The whole listing should come back exactly as written, except for the pictures.

▸ Data
************

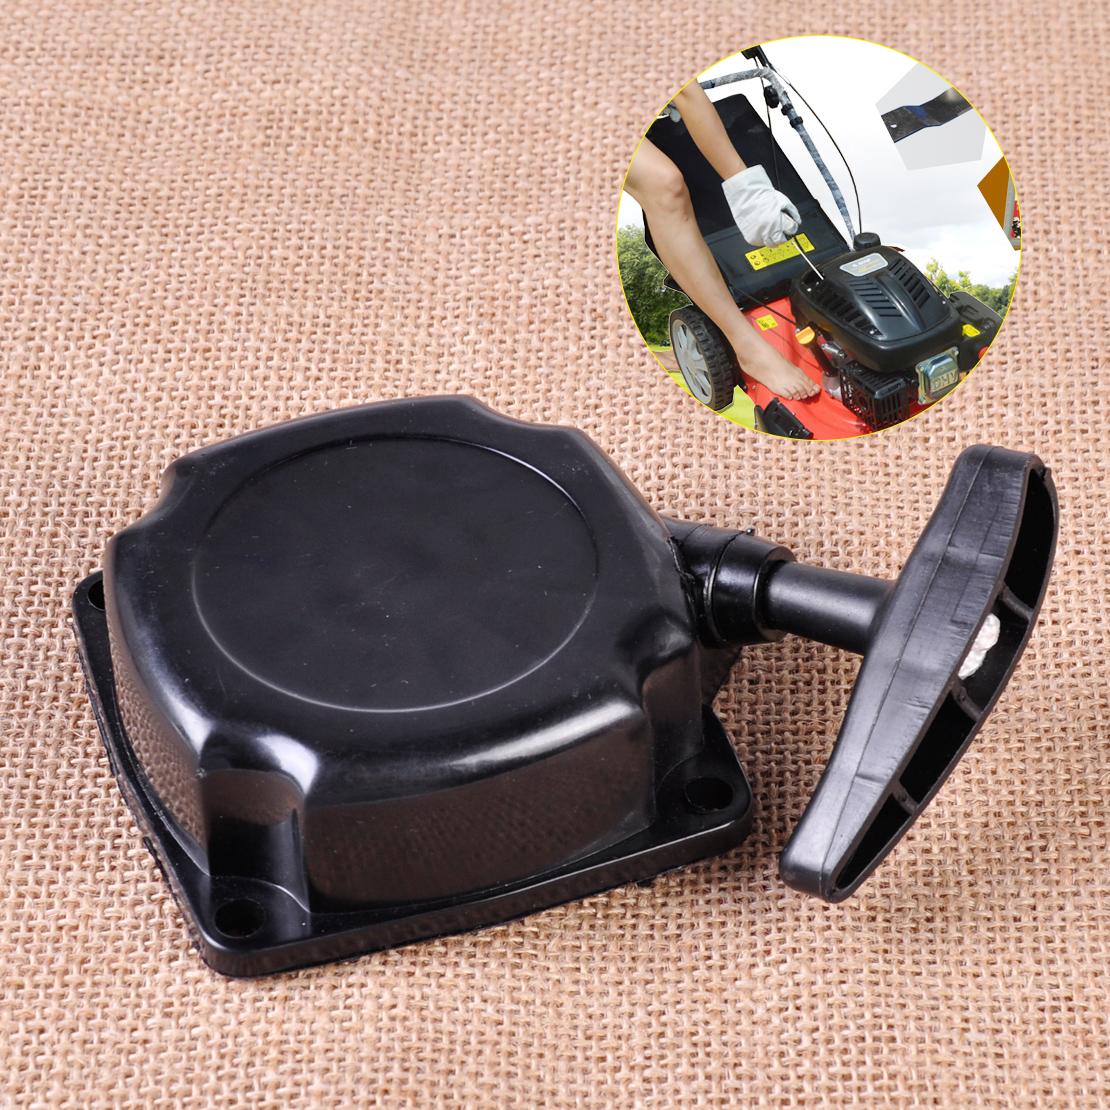 Recoil Pull Starter Compatible with 33cc 36cc 43cc 49cc 2 Stroke Pocket Bike ATV
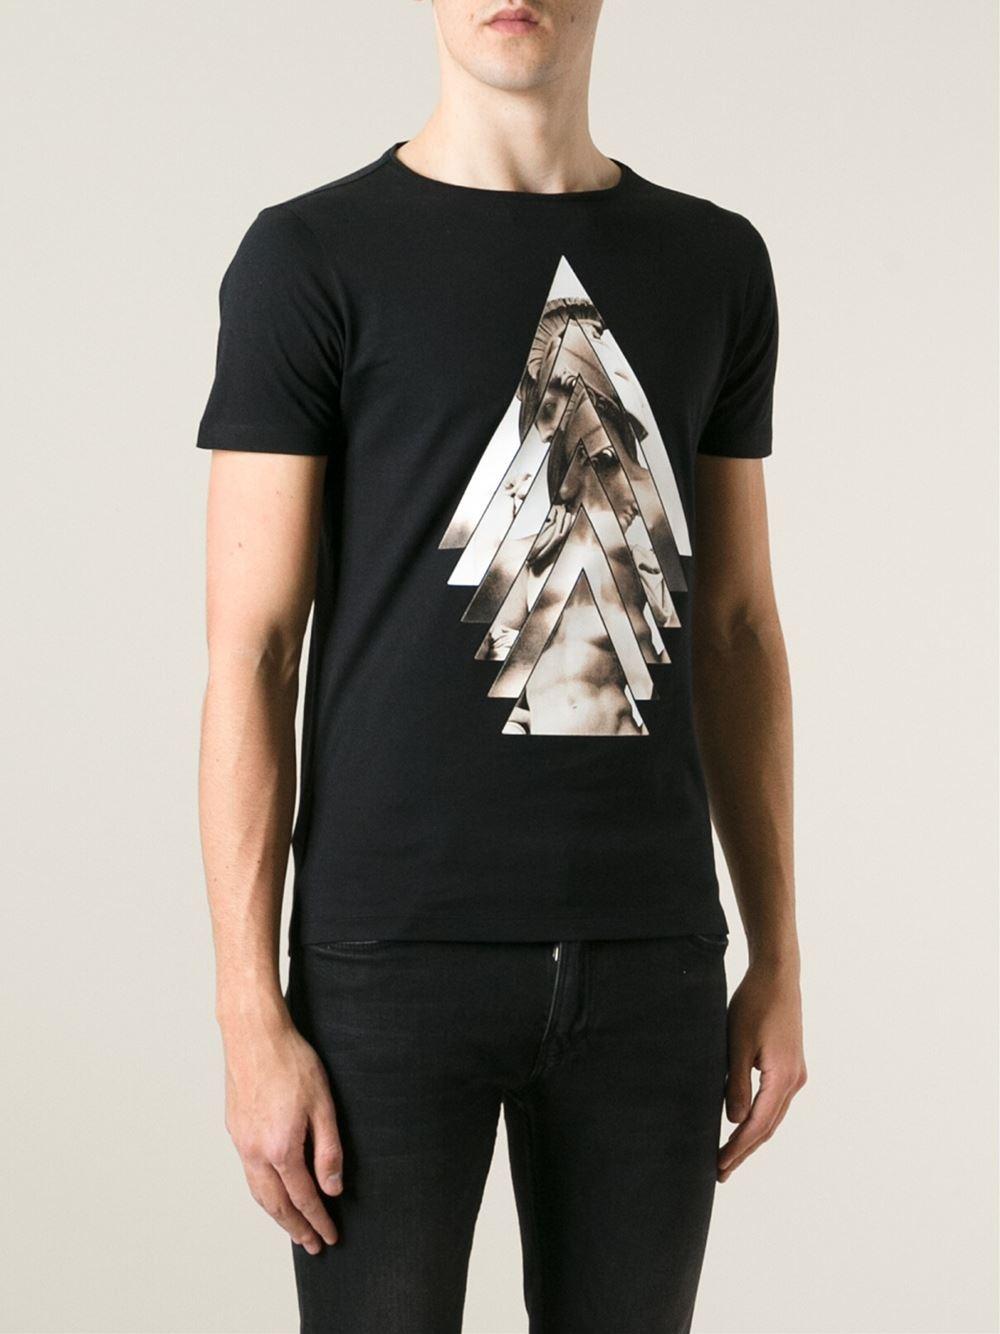 Lyst Emporio Armani 39 David 39 Print T Shirt In Black For Men
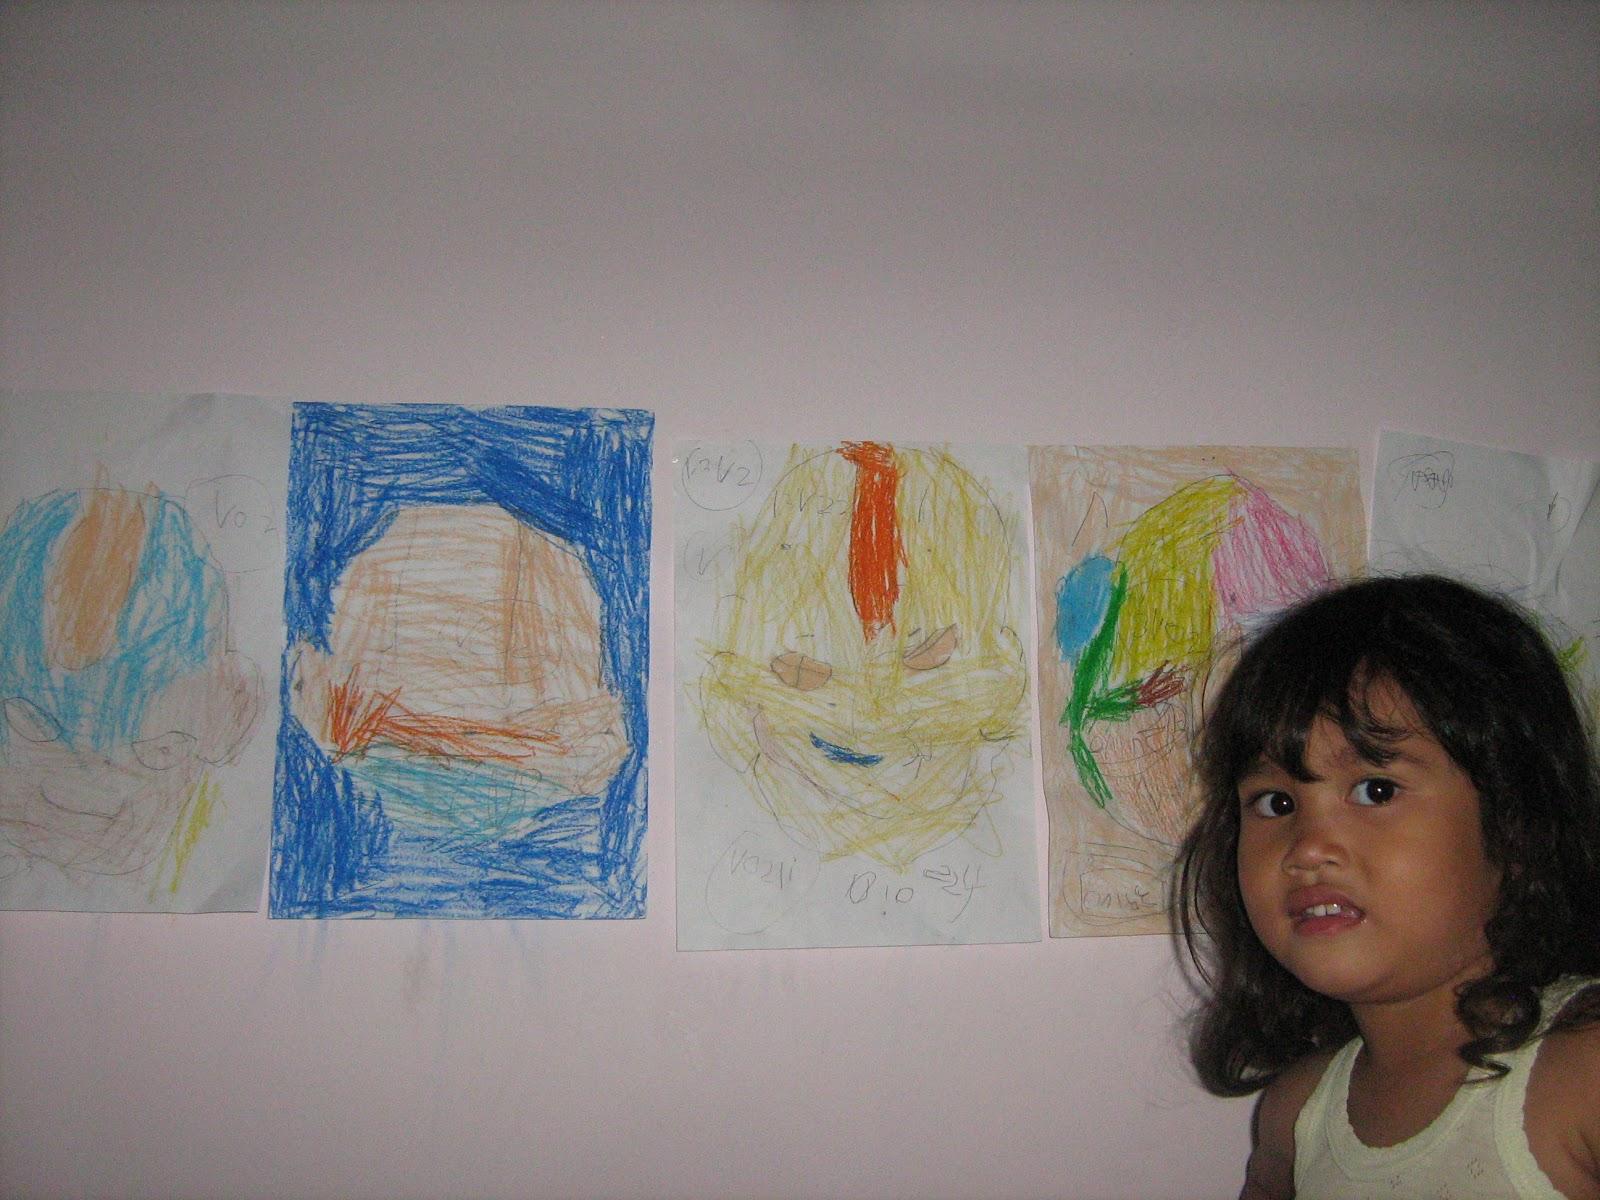 Ibu Indonesia: Tanggal Berapa Ma?
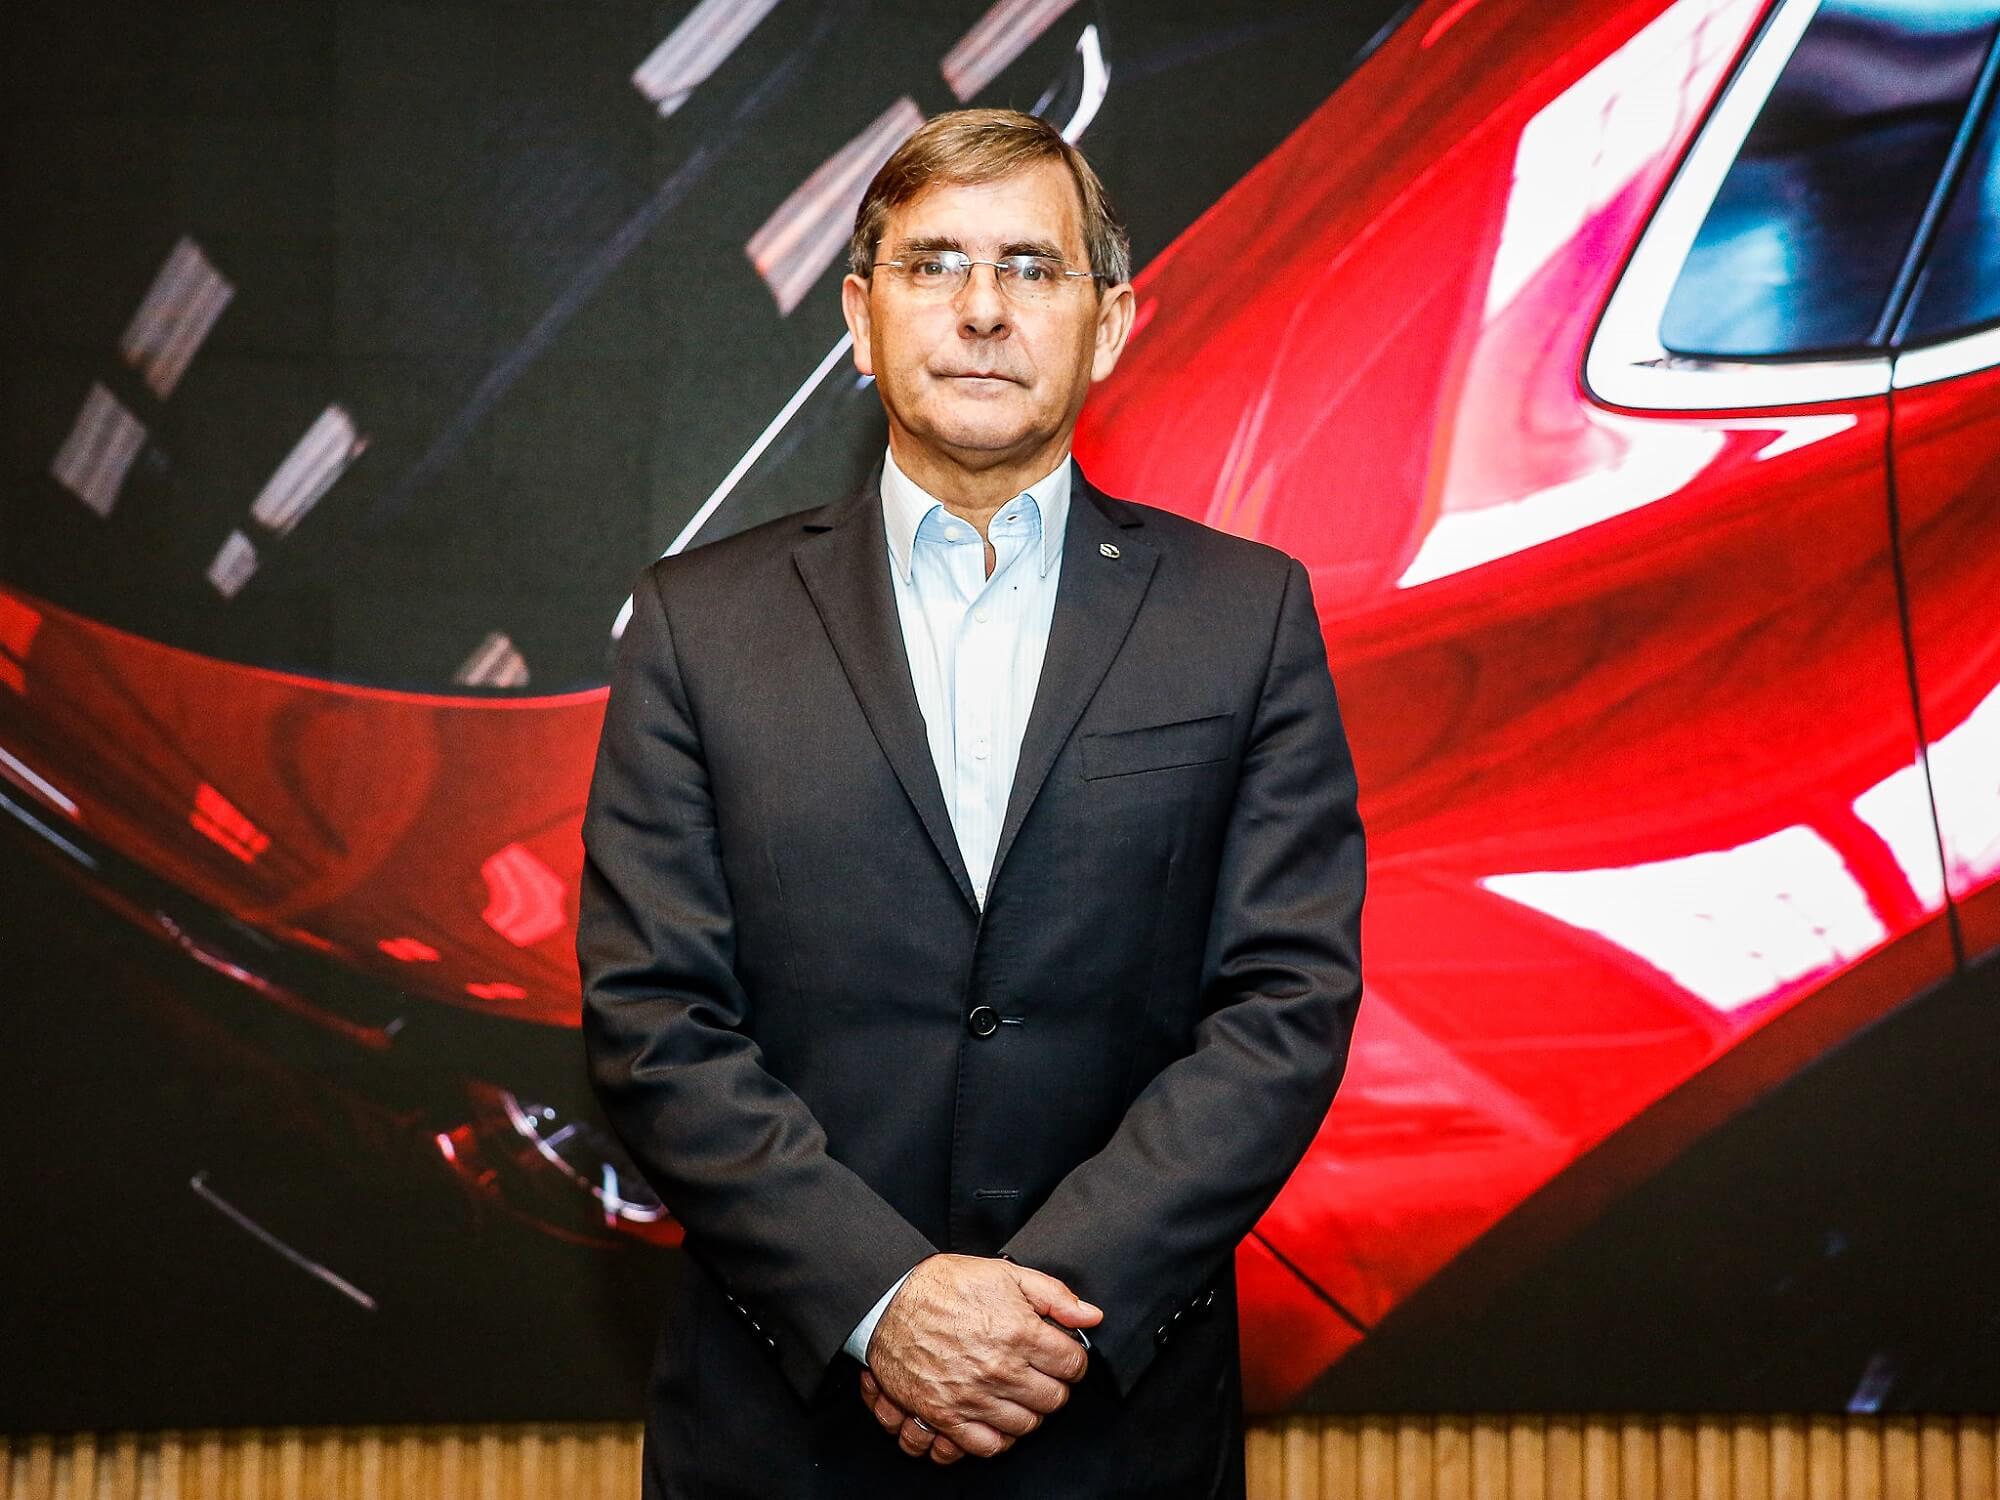 Luis Morais Mazda Portugal

************

▸ Finished exercise
 Recoil Pull Starter Compatible with 33cc 36cc 43cc 49cc 2 Stroke Pocket Bike ATV
 Lyst Emporio Armani 39 David 39 Print T Shirt In Black For Men
 Ibu Indonesia: Tanggal Berapa Ma?
 Luis Morais Mazda Portugal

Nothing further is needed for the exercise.